Gerecht in Eerste Aanleg van Aruba

Datum uitspraak
2 februari 2021
Publicatiedatum
9 februari 2021
Zaaknummer
AUA202001655
Instantie
Gerecht in Eerste Aanleg van Aruba
Type
Uitspraak
Rechtsgebied
Civiel recht; Arbeidsrecht
Procedures
  • Eerste aanleg - enkelvoudig
Vindplaatsen
  • Rechtspraak.nl
AI samenvatting door LexboostAutomatisch gegenereerd

Ontslag op staande voet nietig verklaard wegens gebrek aan dringende reden en wedertewerkstelling gelast

In deze zaak heeft het Gerecht in Eerste Aanleg van Aruba op 2 februari 2021 uitspraak gedaan in een arbeidsrechtelijke kwestie tussen een verzoekster en de naamloze vennootschap Rotech. Verzoekster, die sinds 14 oktober 2013 in dienst was bij Rotech, werd op non-actief gesteld en later ontslagen op staande voet. Rotech stelde dat verzoekster concurrente werkzaamheden had verricht, wat in strijd zou zijn met de arbeidsovereenkomst. Verzoekster betwistte deze beschuldiging en vroeg het Gerecht om het ontslag nietig te verklaren en om haar weder te werk te stellen.

Het Gerecht oordeelde dat Rotech niet voldoende bewijs had geleverd voor de dringende reden die nodig was voor een ontslag op staande voet. De stelling dat verzoekster administratieve werkzaamheden voor een concurrent had verricht, werd niet bewezen. Het Gerecht concludeerde dat het ontslag niet rechtsgeldig was en dat verzoekster recht had op doorbetaling van haar loon en wedertewerkstelling. Rotech werd veroordeeld in de proceskosten en het Gerecht verleende verzoekster toestemming om kosteloos te procederen. De beslissing werd uitvoerbaar bij voorraad verklaard, wat betekent dat Rotech onmiddellijk moest voldoen aan de bevelen van het Gerecht.

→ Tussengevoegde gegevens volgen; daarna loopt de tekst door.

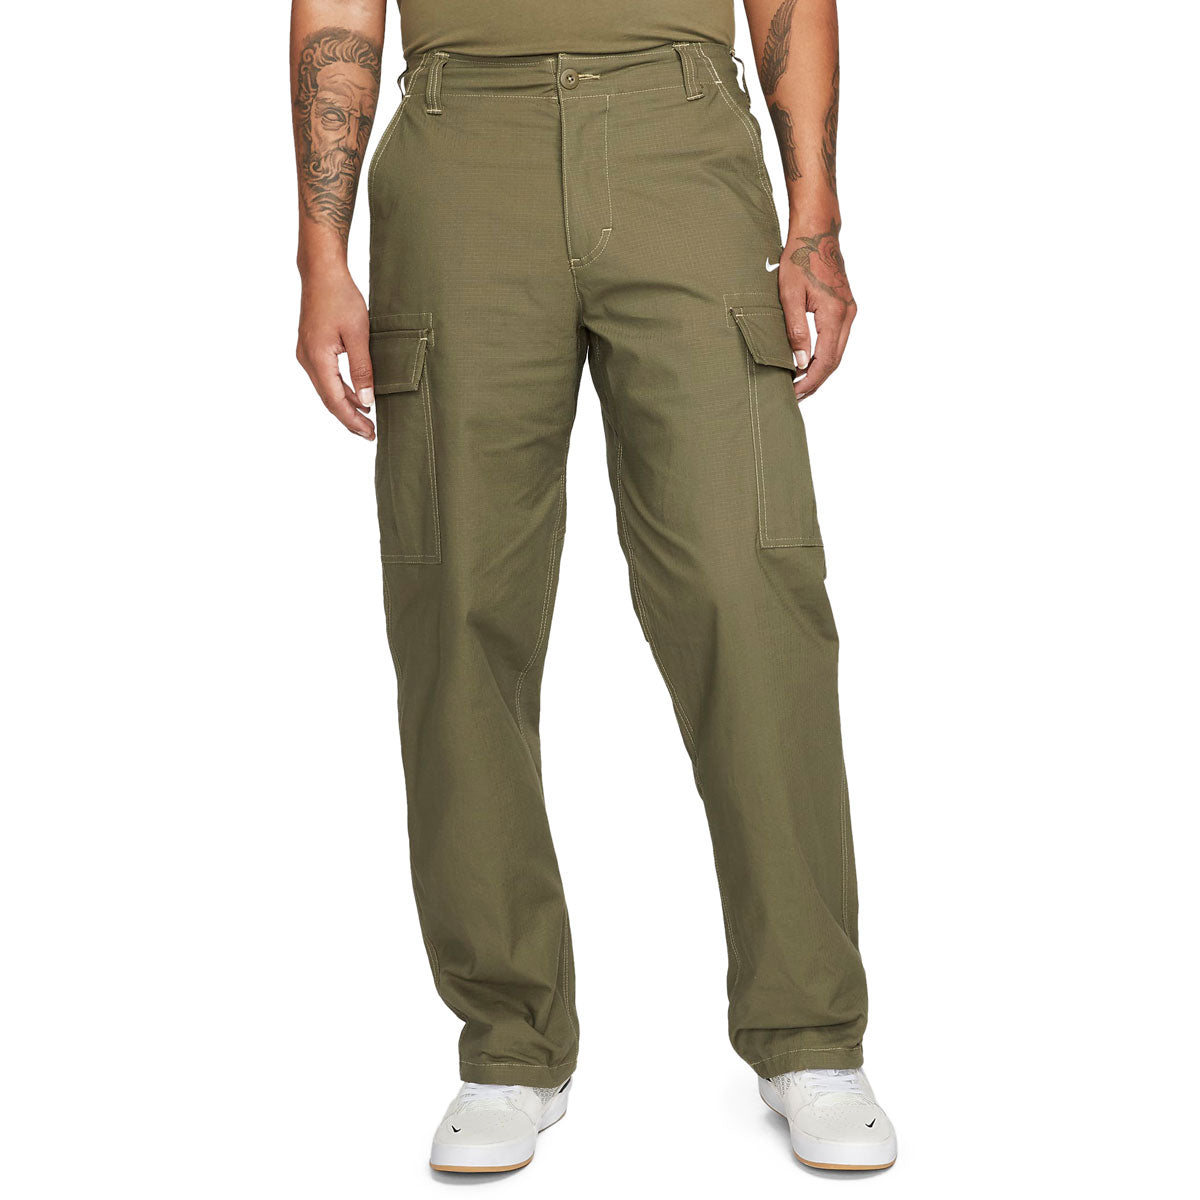 Nike SB Kearny Cargo Pants - Medium Olive/White image 1

De uitspraak benadrukt het belang van bewijsvoering door de werkgever bij ontslag op staande voet en de bescherming van werknemersrechten in het arbeidsrecht.

Uitspraak

Beschikking van 2 februari 2021
Behorend bij E.J. nr. AUA202001655
GERECHT IN EERSTE AANLEG VAN ARUBA
BESCHIKKING
in de zaak van:
[verzoekster],
wonende in Aruba,
verzoekster,
hierna ook te noemen: [verzoekster],
gemachtigde: de advocaat mr. D.G. Kock,
tegen:
de naamloze vennootschap
DIEPGROND ALARM SYSTEMS N.V. h.o.d.n. ROTECH AUTOMATION,
gevestigd in Aruba,
verweerster,
hierna ook te noemen: Rotech,
gemachtigde: de advocaat mr. S.M. Paesch.

1.DE PROCEDURE

1.1
Het verloop van de procedure blijkt uit:
- het verzoekschrift met producties, ingediend op 14 juli 2020;
- het verweerschrift met producties, tevens inhoudende een voorwaardelijk zelfstandig
(tegen)verzoek, ingediend op 20 oktober 2020;
- de pleinota’s van partijen;
- de mondelinge behandeling ter zitting van 1 december 2020.
1.2
Ter zitting zijn verschenen [verzoekster] bijgestaan door haar gemachtigde en Rotech bij
haar gemachtigde voornoemd en mr. Crouch.
1.3
De datum van de uitspraak is bepaald op heden.

2.DE VASTSTAANDE FEITEN

2.1 [
verzoekster] is sinds 14 oktober 2013 bij (voor de periode tot 1 juni 2017 de voorganger van) Rotech in loondienst, laatstelijk in de functie van administratie medewerkster en tegen een brutoloon van Afl. 2.788,49 per maand.
2.2
In artikel 4 sub c van de tussen partijen geldende arbeidsovereenkomst staat:

Het is de werknemer verboden om tijdens het dienstverband en zonder voorafgaande schriftelijke toestemming van de werkgever, te werken voor een derde partij, een eigen onderneming te drijven of op te treden als agent of vertegenwoordiger voor een derde partij.”
2.3
Bij brief van 20 februari 2020 is aan [verzoekster] medegedeeld dat zij, hangende een onderzoek, op non-actief wordt gesteld.
2.4
In de ontslagbrief van 27 februari 2020 staat, voor zover van belang:

(…)
E resultado di esaki ta cu como doño di trabou Rotech a encontra suficiente prueba den cual bo persona tawata ehecuta otro trabou nan administrativo pa bo mes persona y pa otro compania den horario nan di Diepgrond Alarm N.V. Bo persona ningun momento ta authorisa pa hasi uzo di Diepgrond Alarm N.V. su computer pa bo asunto nan personal.
E documento nan cu a wordo discubri di “[ex werknemer]” ta un compania cu ta competi cu e servicio nan den cual famia di Rotech su N.V. nan tambe ta enherce.
(…)“.
2.5 [
verzoekster] heeft bij brief van 2 juli 2020 de nietigheid van het ontslag ingeroepen en heeft zich bereid verklaard de bedongen arbeid te blijven verrichten.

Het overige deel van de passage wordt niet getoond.